Population (April 2011)
- • Total: 2,979
- • Density: 27.21/km^{2} (70.46/sq mi)
- Time zone: UTC+2 (EET)
- • Summer (DST): UTC+3 (EEST)
- Website: obshtina-novoselo.com

= Novo Selo Municipality, Bulgaria =

Novo Selo Municipality (Община Ново село) is a frontier municipality (obshtina) in Vidin Province, Northwestern Bulgaria, located along the right bank of Danube river in the Danubian Plain. It is named after its administrative centre - the village of Novo Selo. The area borders on Romania beyond the Danube to the north.
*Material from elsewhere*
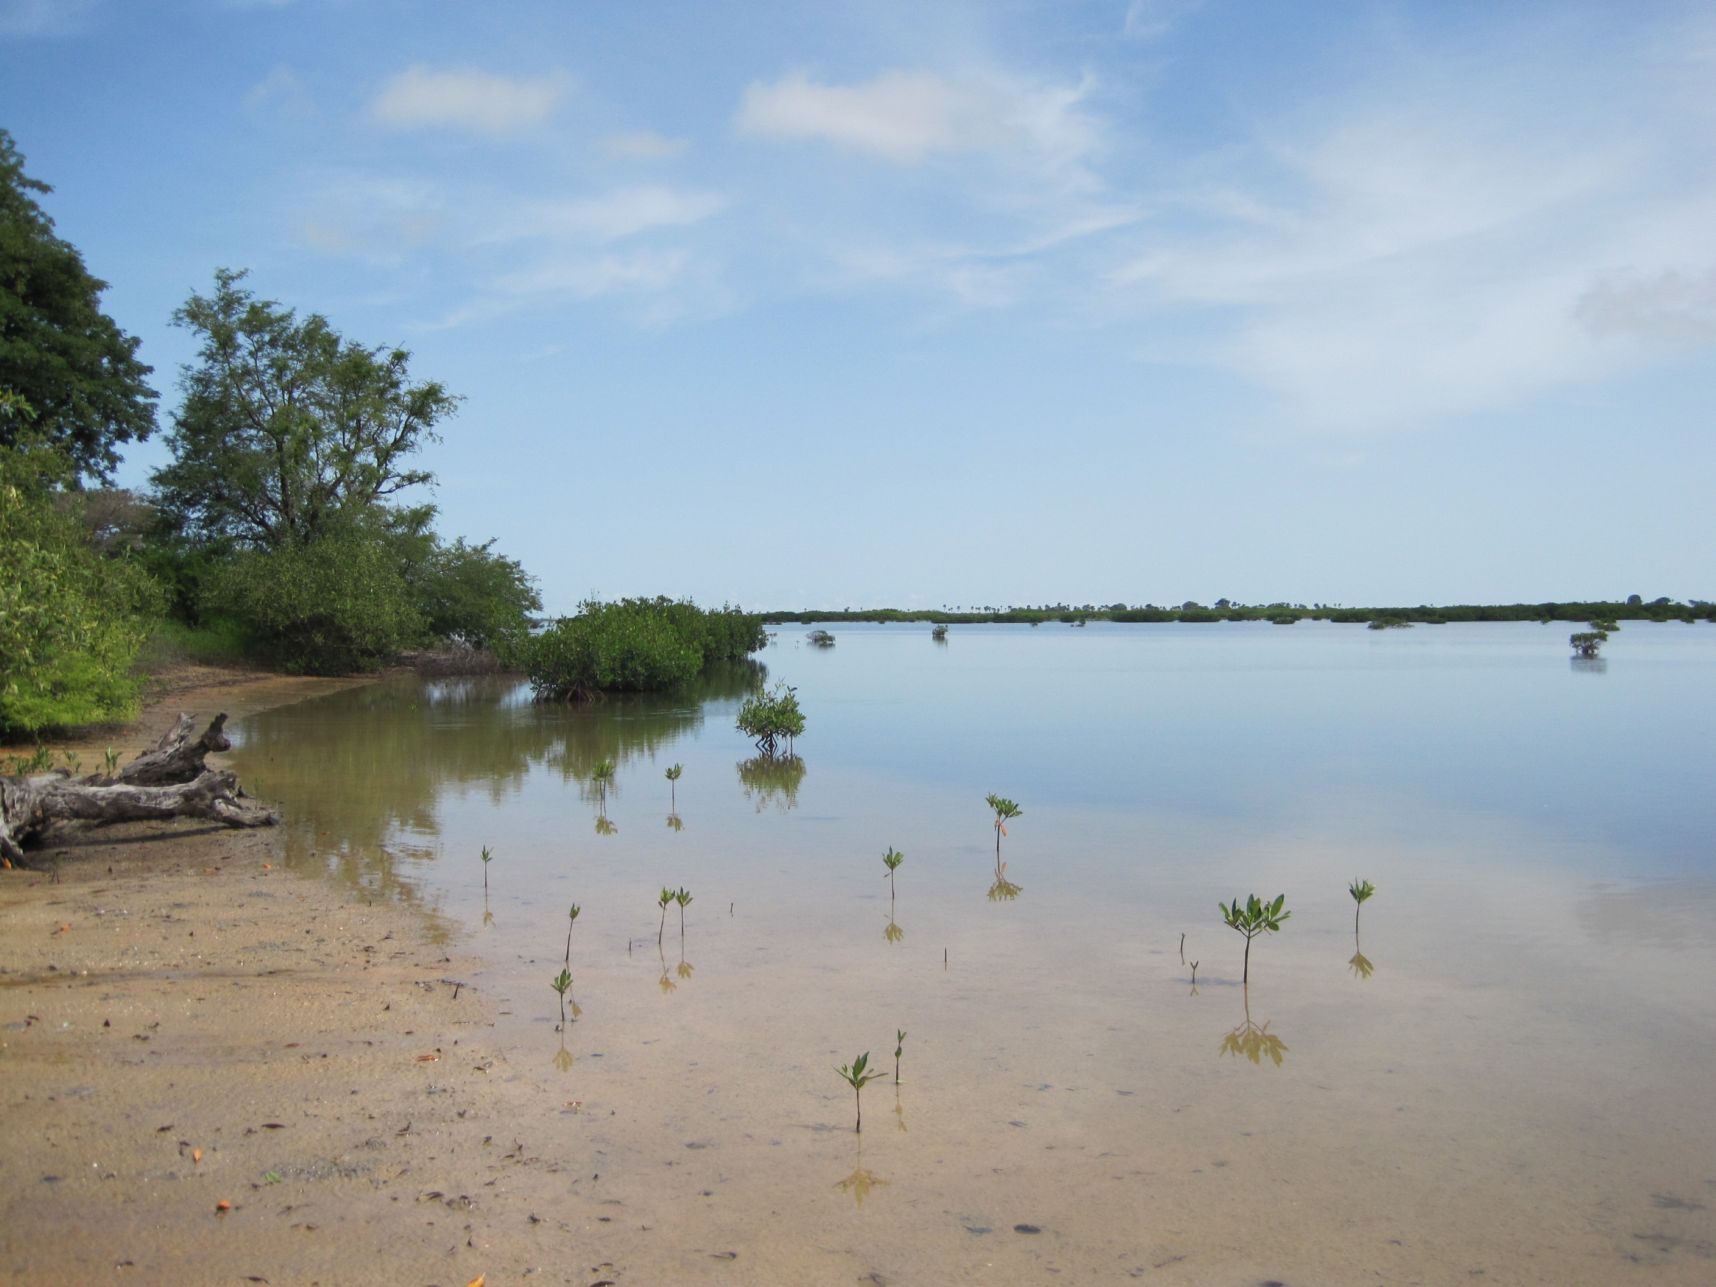 201110614054_Le.mangrovie2.jpg

The municipality embraces a territory of 109.5 km2 with a population of 2,979 inhabitants, as of the April 2011 census.

== Settlements ==

Novo Selo Municipality includes the following 5 places all of them villages:

| Town/Village | Cyrillic | Population |
|---|---|---|
| Novo Selo | Ново село | 1,015 |
| Florentin | Флорентин | 352 |
| Negovanovtsi | Неговановци | 398 |
| Vinarovo | Винарово | 755 |
| Yasen | Ясен | 259 |
| Total |  | 2,979 |

== Demography ==
The following table shows the change of the population during the last four decades.

Novo Selo Municipality
| Year | 1975 | 1985 | 1992 | 2001 | 2005 | 2007 | 2009 | 2011 |
| Population | 7,187 | 5,753 | 5,218 | 4,206 | 3,733 | 3,588 | 3,381 | 2,979 |
Sources: Census 2001, Census 2011, „pop-stat.mashke.org“,

===Age structure===
The municipality of Novo Selo has a fastly ageing population. As of December 2018 the share of elderly people (aged 65+) reached 43.4%, up from 41.7% in 2011. The share of children aged up to 14 years old declined from 8.6% tot 8.4% in the same period.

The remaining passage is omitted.